━━━━━ Information shown ━━━━━

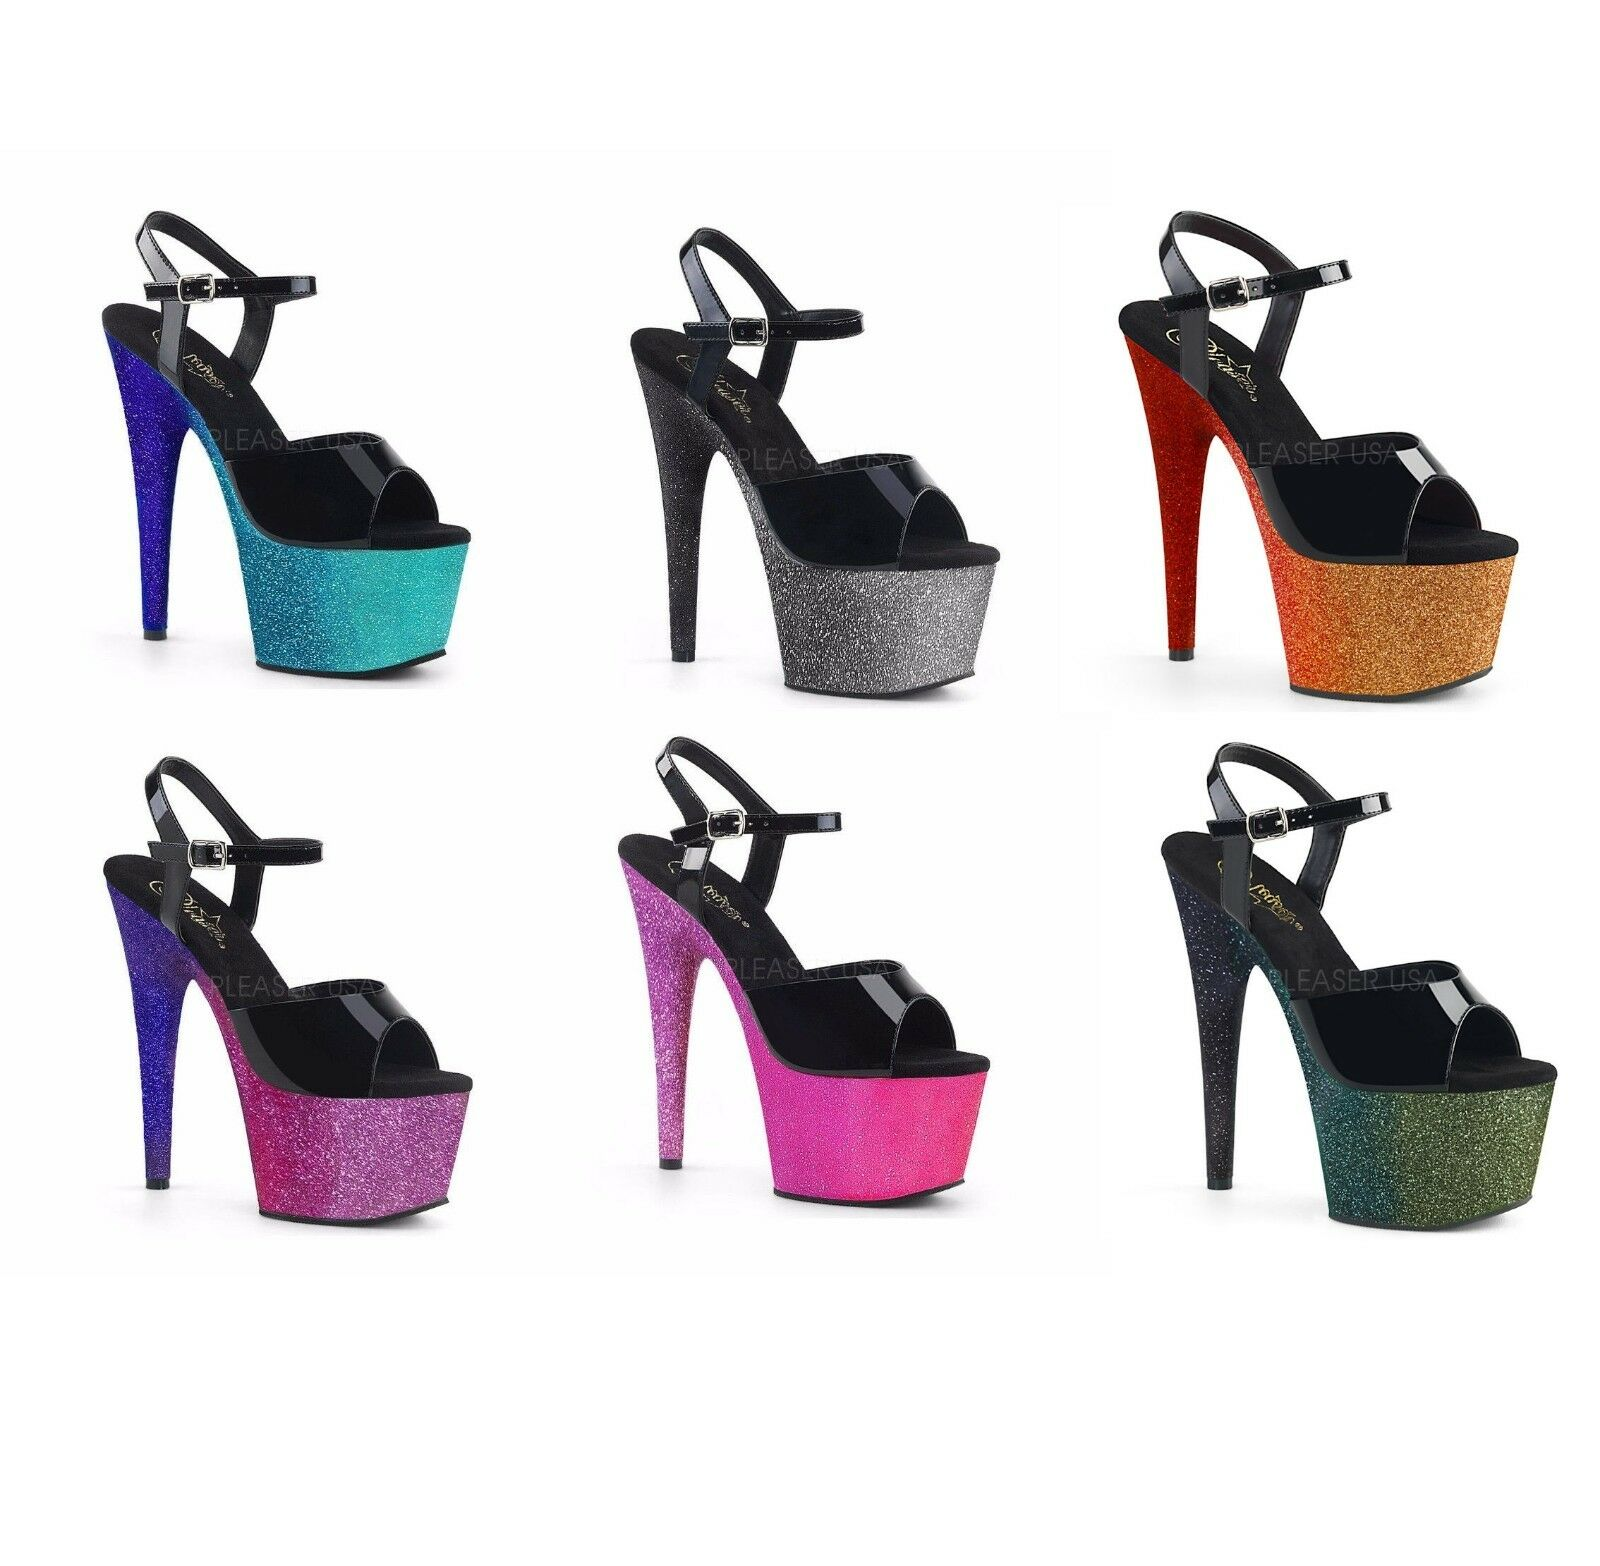 Pleaser ADORE-709OMBRE Exotic Sandale Dancing Platform Ankle Strap Sandale Exotic Glitters 7
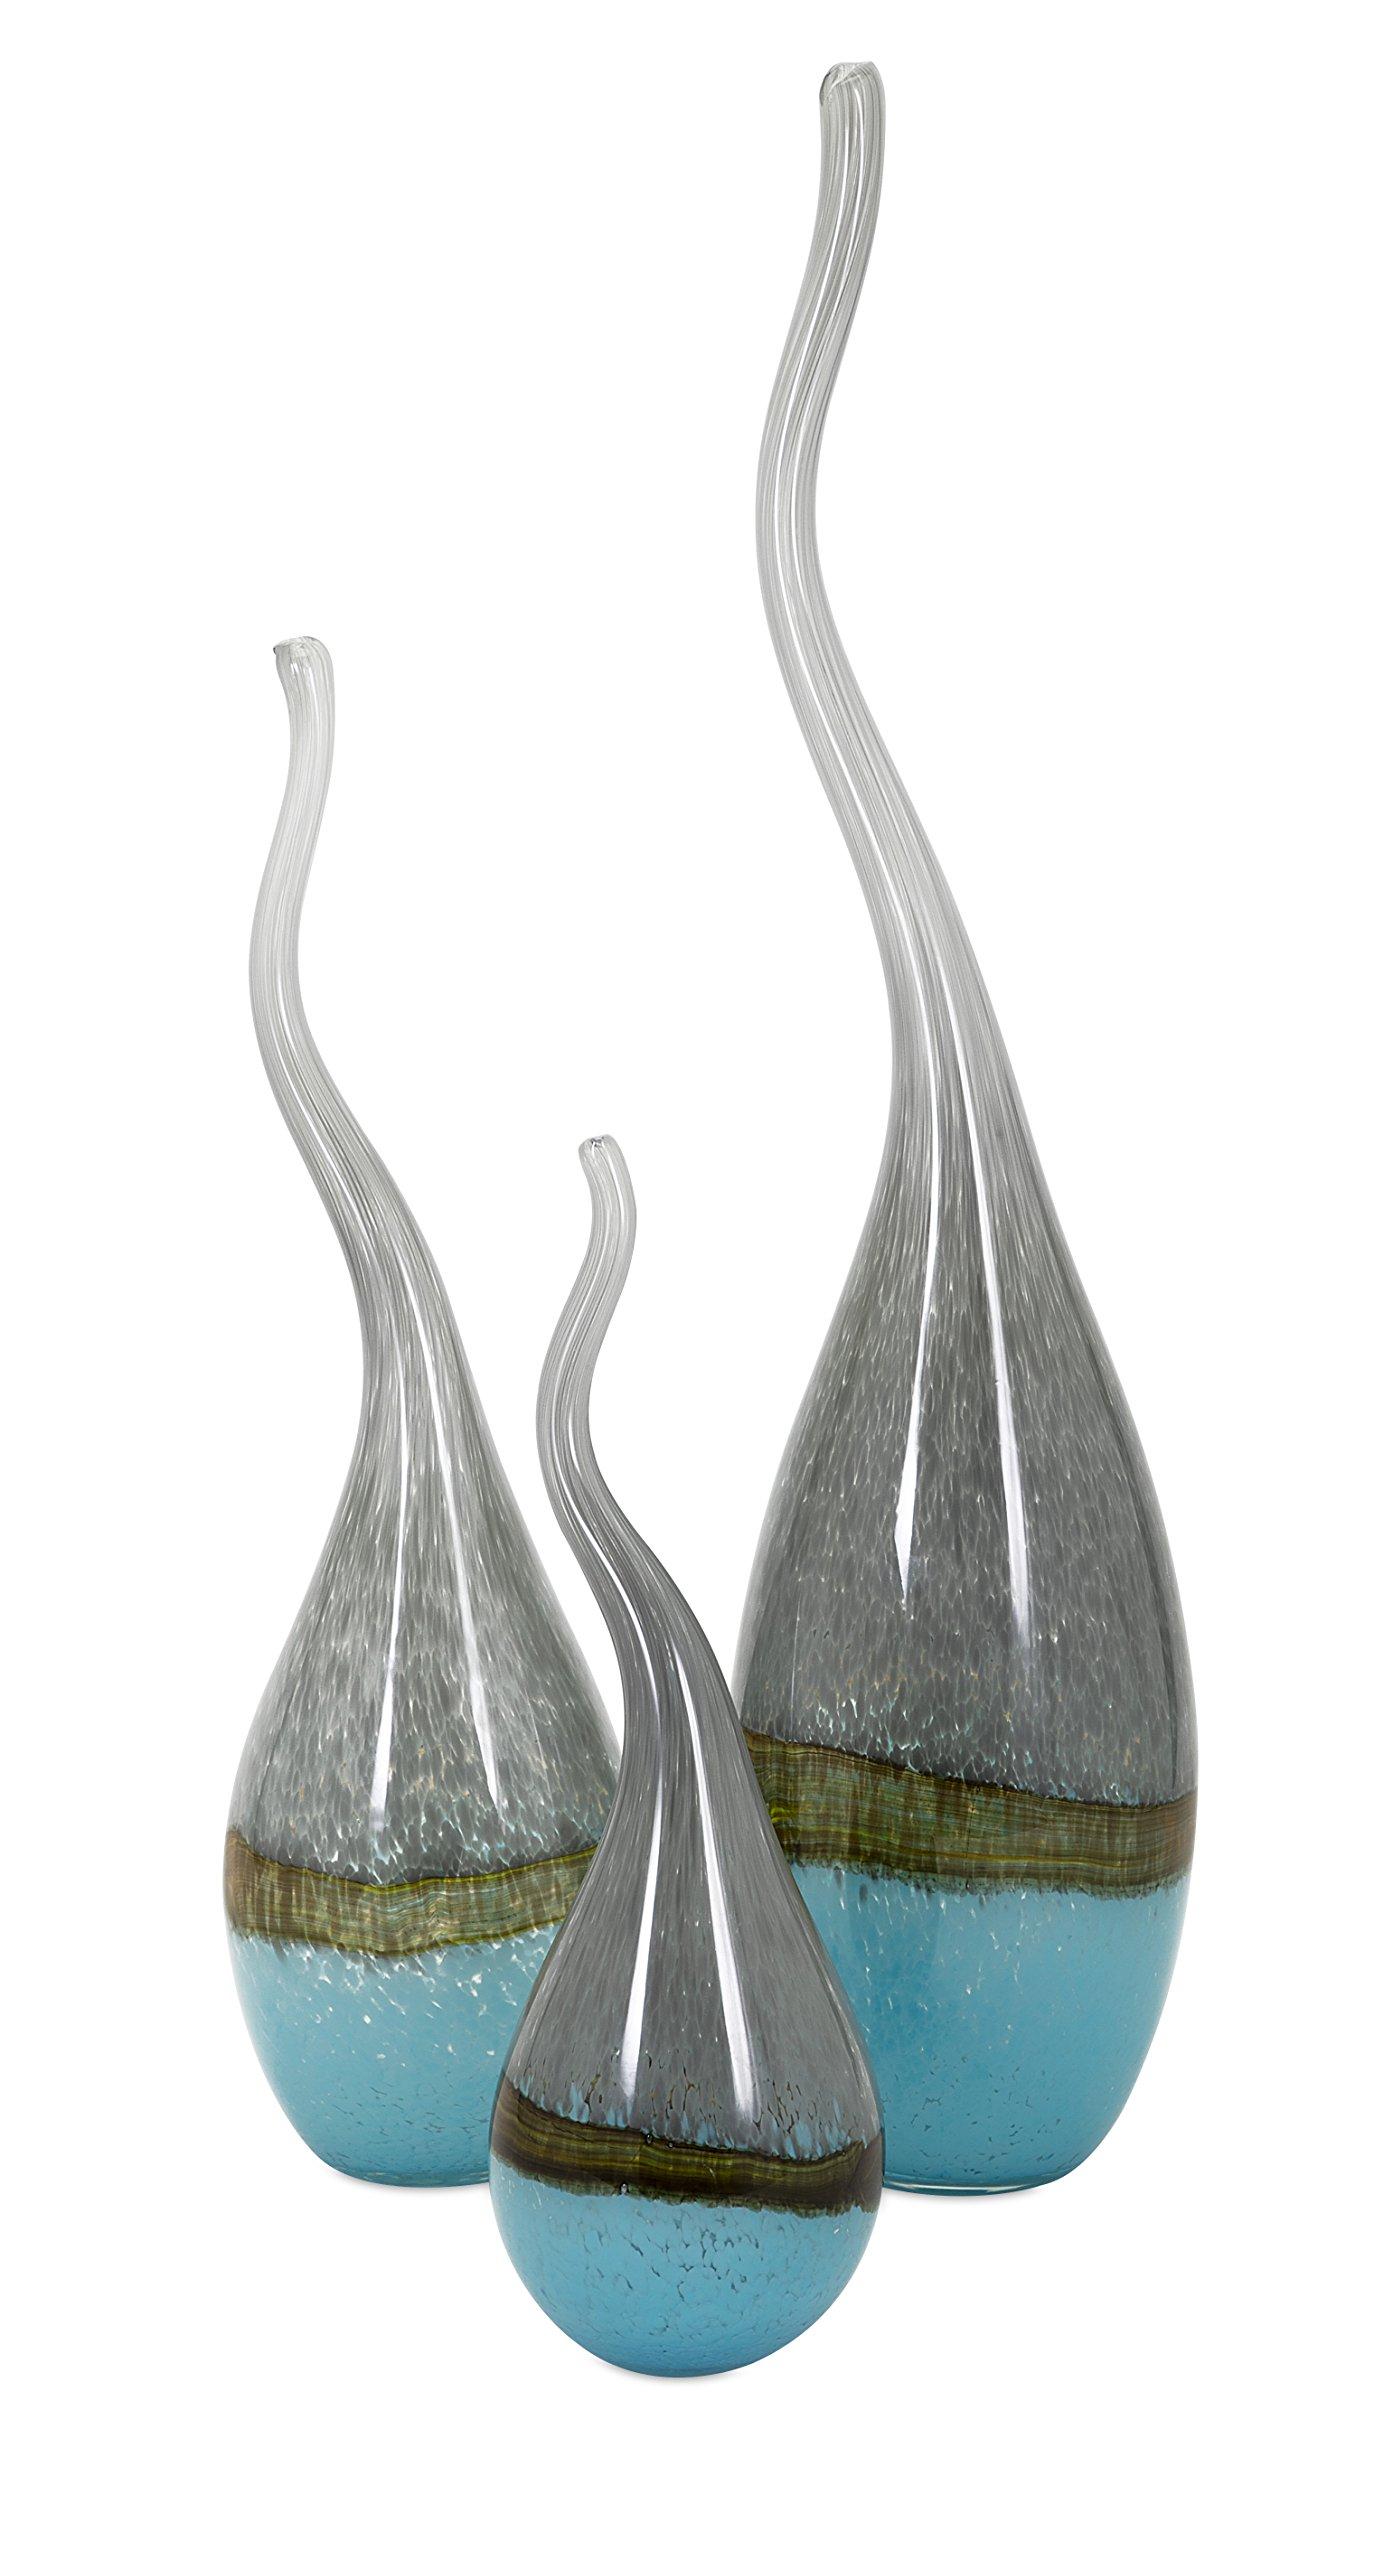 IMAX 47948-3 Squiggle Glass Vases - Set of Three
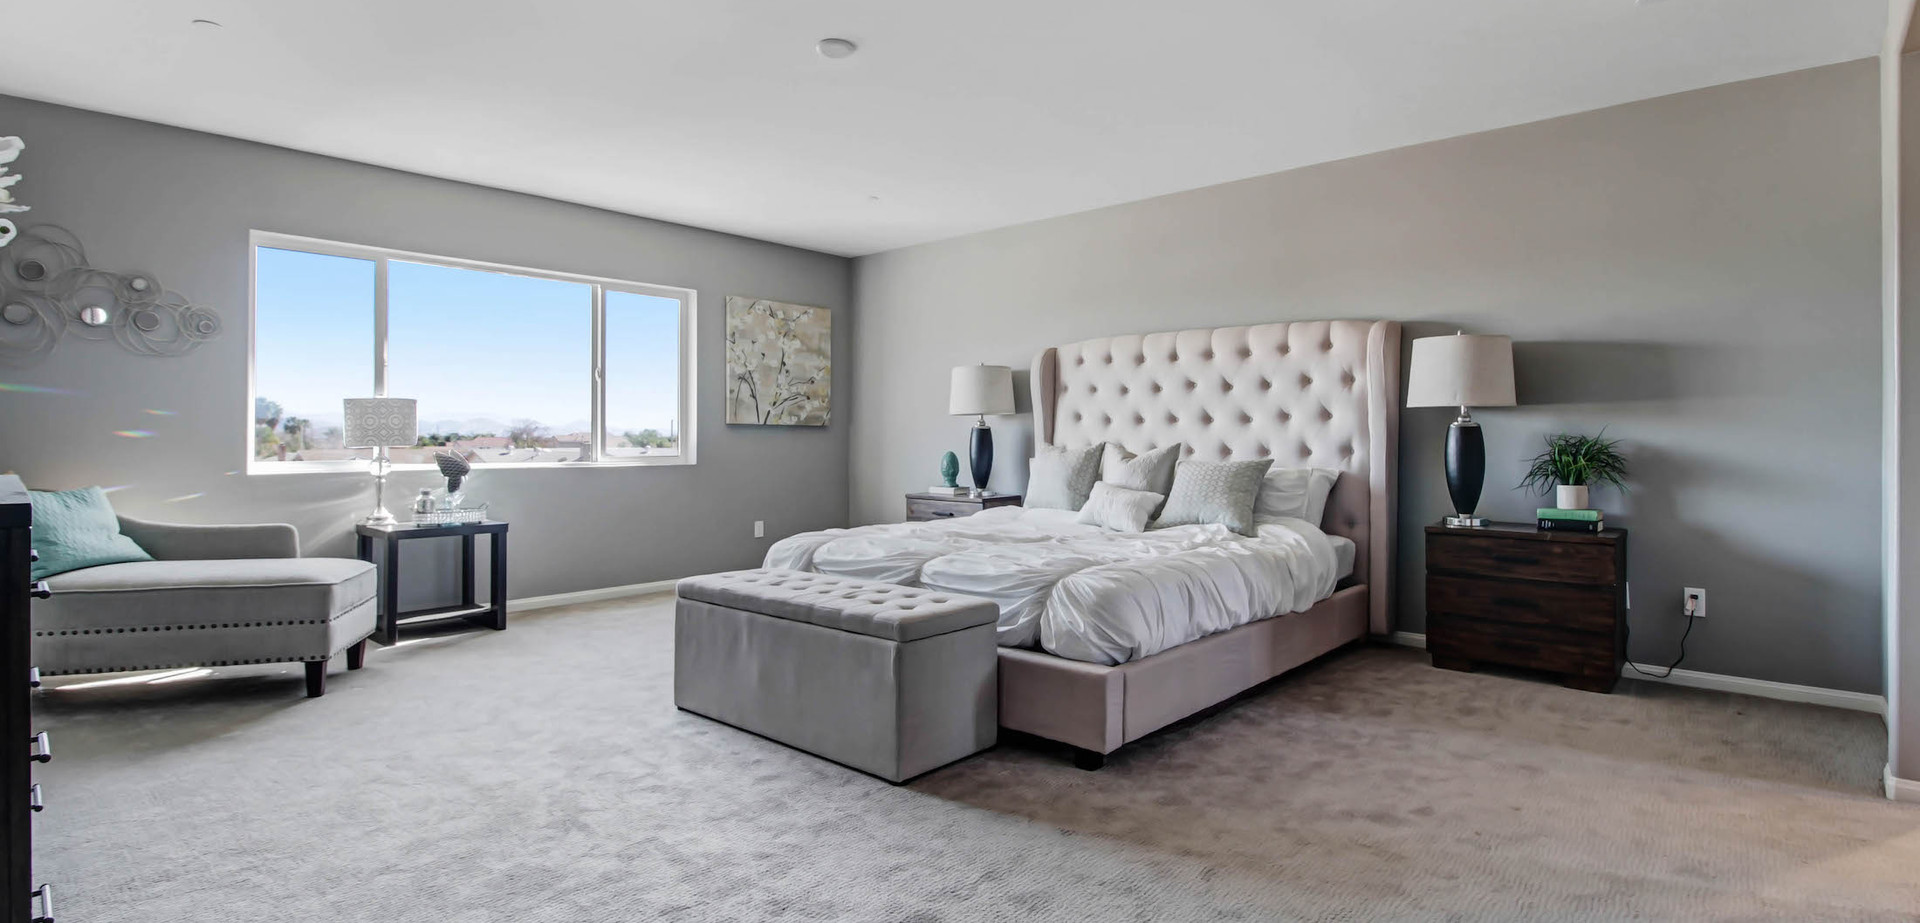 model-1 bedroom-1 2200x1500 (1).jpg

━━━━━

** Exercise brief **
Give the listing above again in its entirety, exactly as written and free of images.

** Answer for this exercise **
 Pleaser ADORE-709OMBRE Exotic Sandale Dancing Platform Ankle Strap Sandale Exotic Glitters 7
 IMAX 47948-3 Squiggle Glass Vases - Set of Three
 model-1 bedroom-1 2200x1500 (1).jpg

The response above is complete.